For years we lacked clarity on what the requirement is in temporary service change situations, then in 2020, an NHS Trust made urgent temporary changes to some services as part of its phase 2 COVID-19 response. The decision was challenged in court.
The Dawson case, as it is known, looked at whether this Trust had met its statutory duty to involve service users when it made the decision to designate a hospital as a temporary COVID-19-free “Green Site” in May 2020. The hospital’s accident and emergency (A&E) department was closed temporarily and in its place, an urgent treatment centre was set up. Patients needing A&E were taken to, or had to travel to, other hospitals. The Trust took four weeks to prepare the proposal for consideration by its Board. It informed stakeholders three days before that Board meeting.
The Judge’s ruling ultimately centred on defining the quality and timing of “meaningful involvement” required by the duty to involve, even in circumstances of urgency.
There are very useful points that engagement and involvement professionals and service change leaders can take from the Judge’s consideration of the case as set out in his judgment.¹
Understanding the duty to involve
The case summarises the requirements of the duty to involve as a meaningful opportunity for service users to be involved at a formative stage, before a decision. Service users may or may not choose to take that opportunity to be involved. It recognises that:
- Involvement in planning, in development and consideration of proposals for change, and in decisions to be made about the operation of services, are the essentials of meaningful and fair participation in decision making.
- Arguing that no involvement can take place until a proposal is final, or virtually final, it is inconsistent with the duty to involve service users in the “development” of proposals.
- The longer a temporary change is in place, the greater risk that the change will be impossible to reverse.
1. There is no exemption from the duty for urgent cases or temporary changes
The fact that a proposal or decision is said to be temporary is not the important consideration in deciding what the arrangements for service user involvement should be.

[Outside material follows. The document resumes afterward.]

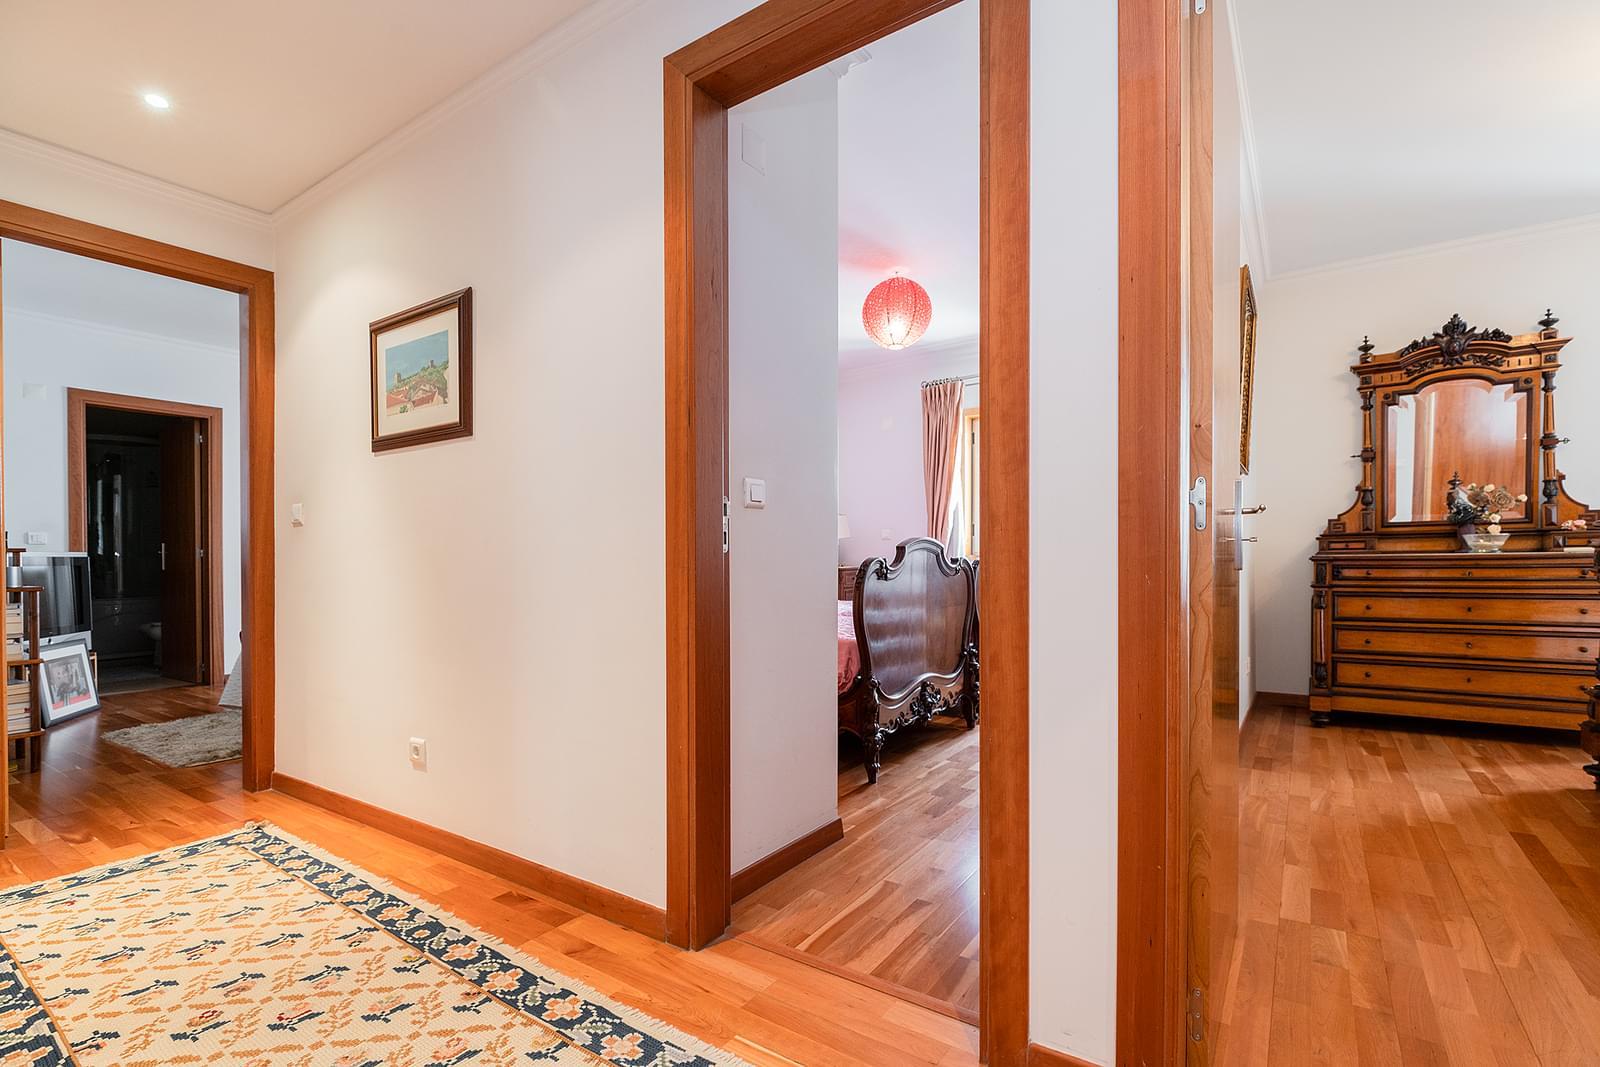 pf18049-apartamento-t3-lisboa-ce755099-75ef-4dcf-b43d-bf532e40aa3e

What matters is what impact the decision will have and for how long.
Not in the case and relevant here is that in urgent cases where an organisation is genuinely satisfied the welfare of patients or staff is at risk, there is an exemption from the duty to consult local authority health scrutiny committees.²
2. Informing is not involving
Informing people might be an appropriate action at a point in the process of developing proposals for changes to services. On its own, informing people is not involvement.
3. Where there is time to plan, there is time to involve
NHS organisations that are developing plans to change services should take steps to involve service users in the development and consideration of their proposals. It is the organisation’s responsibility to do as much involvement as it reasonably can in the time available and allocate resources to make it happen.
4. The principles of fairness and proportionality apply to the duty to involve
The more impactful and the longer term the proposal or decision, the greater the degree of involvement of service users the duty will require.
Where the matter is urgent, and a decision is taken on a genuinely short term or provisional basis and is genuinely open to reversal or modification very limited arrangements for public involvement could be acceptable.
Blog by: Paul Parsons
¹ Dawson v United Lincolnshire Hospitals NHS Trust [2021] EWHC 928 (Admin)
² R23(5), The Local Authority (Public Health, Health and Wellbeing Boards and Health Scrutiny) Regulations 2013 (as amended).